Nightbird's eyes widened in astonishment, like everyone's did upon hearing his voice. But she allowed herself no comment, bowed her head slightly and with dignity, and closed the door.

The tray slid into the office and hovered over the table by the window — apparently, that's where Shufrir preferred to enjoy his cup of coffee. Murad habitually pulled back his sleeve and passed his wrist over the cups with his watch, in which he activated the poison detector. They thought for a second, then a scarlet band encircled the round display, and a message flashed: "ARSONOID!!!"

The Wad-Prince and the Yakzan stared at each other; the same thought struck them simultaneously.
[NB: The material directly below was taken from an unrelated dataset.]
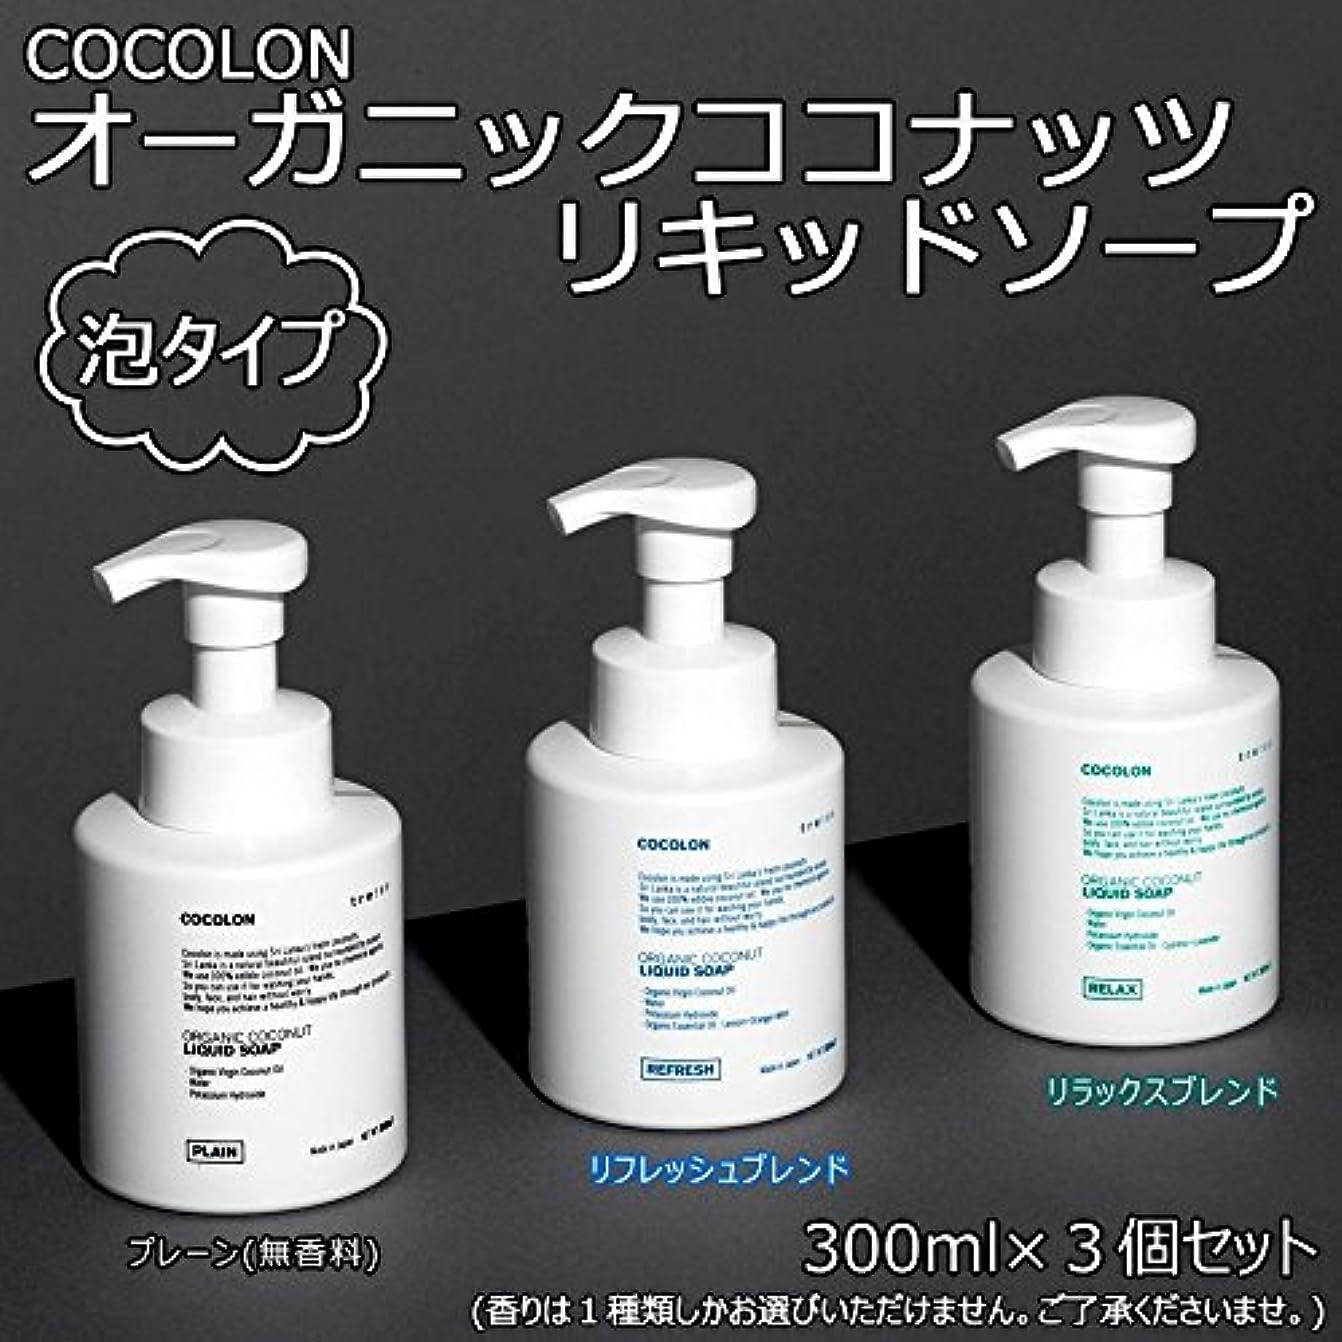 COCOLON ココロン オーガニックココナッツリキッドソープ 泡タイプ 300ml 3個セット【同梱?代引不可】 ■3種類の内「リフレッシュブレンド」のみです

"The girl," AlNilam exhaled. Murad rushed to the door.

He burst into the reception area just as Nightbird was filling a visitor's cup from the teapot on the tray. The Yakzan lunged at Gemma like a hawk, snatched the cup from her hand, and hurled the tray away. It crashed into the wall; shards of the teapot and coffeepot sprayed everywhere, and a brown-black stream of tea and coffee gushed down the white panels onto the floor. Gemma recoiled from Murad, staring at him with eyes wide with fear and shock.
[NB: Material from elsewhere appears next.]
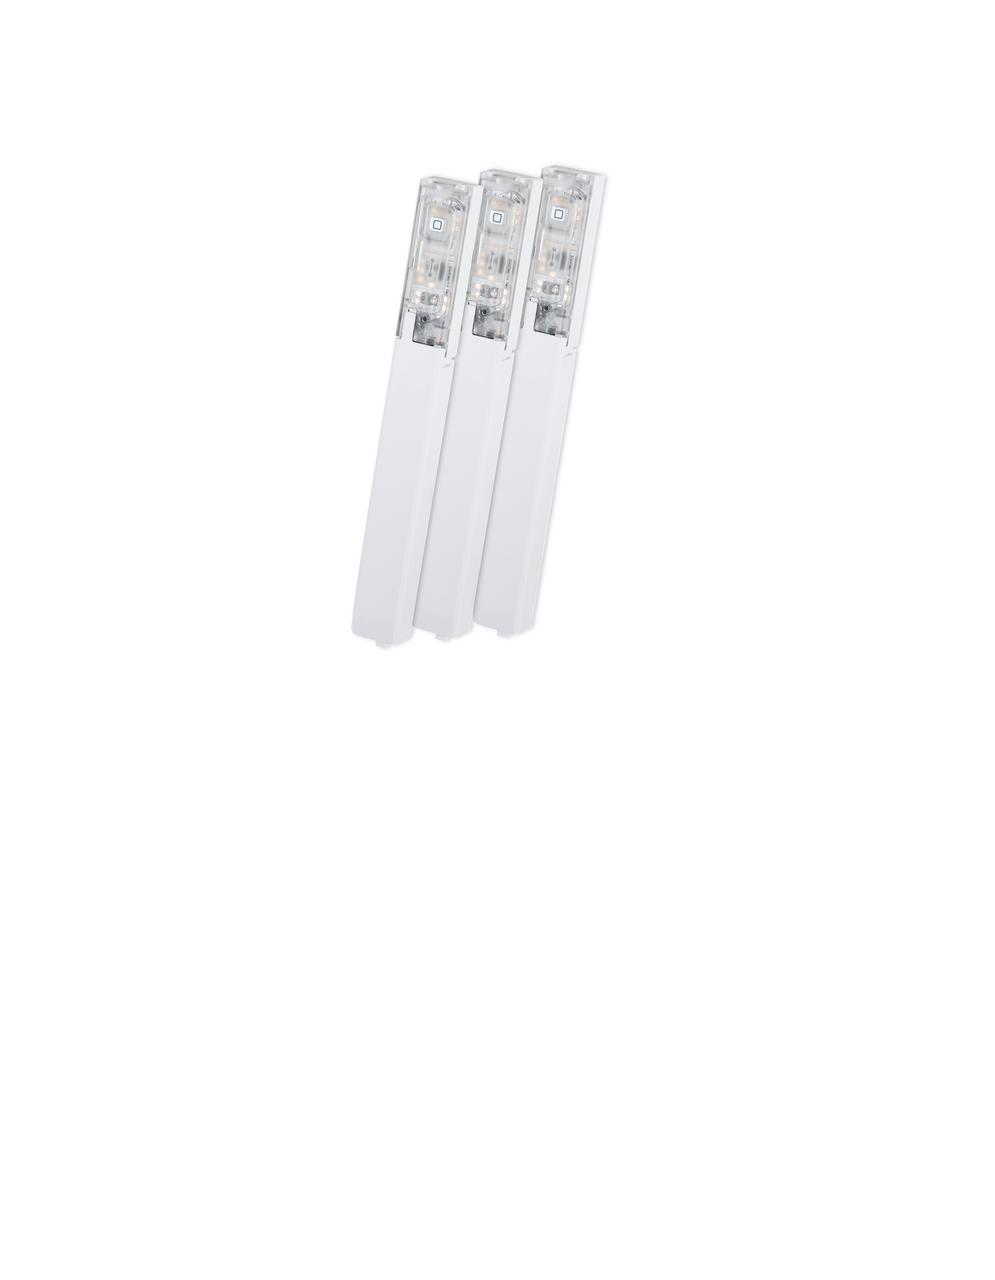 Multi-Set Fenster- / Türkontakt für Rahmenintegration - Homematic IP kompatibel

"There's poison in the tea and coffee," said the Yakzan.

Nightbird shifted her gaze from him to the crumpled cup lying in a puddle of tea on the carpet and began to tremble. Suddenly, the phone in her pocket rang. Gemma jumped, grabbed the phone, but her hands were shaking so much she almost dropped it into the poisonous puddle. Murad took the shrieking device from her, put it on speaker, and a desperate female scream filled the reception area:

"Gemma! Our Dawud! He's dying! Oh, Allah... Gemma, he's dead!"

 

 

 

[1] The new calendar era is counted from the year when Marco Tadić first successfully launched a train into a stream-tunnel, thereby opening the era of the exploration of the Cradle Galaxy; or more precisely, from the date when the crew of the first stream-train, Arabella, made the first landing in human history on a planet of another star system.

[2] The Continental Convention is the unified fundamental code of laws adopted by almost all states of Ayala, i.e., the states that formed the Continental Union, governed by a single body — the Senate (while these states retain their own governments).

[3] The Continental Council is the legislative body under the Senate.

[4] An artificial womb.

[5] In accordance with Chapter 3 of the Directive, beings are subject to a number of legal restrictions:

"3.4.1. Limited political capacity – beings are prohibited from both voting and standing for election;

3.4.2. Prohibition on entering into marriage, the status of which is defined by Article 17 of the Convention as a union of two adult human beings, entered into based on free choice, while of sound mind and memory. The status of a union between a human and a being, or between two beings, is defined as a social partnership.

3.4.3. Prohibition on the adoption of children by beings" — etc.

[6] Planets with similar daily and annual cycles and linked by tight production chains often prefer to synchronize their calendars for convenience (research by Prof. O. Vlasova).

[7] The prefix "Wad-" is derived from the word "wadi" (Fahti) – a dry riverbed. This signifies that the prince or princess belongs to a junior branch of the ruling family and is prohibited from marrying or having children without the Sultan's special permission.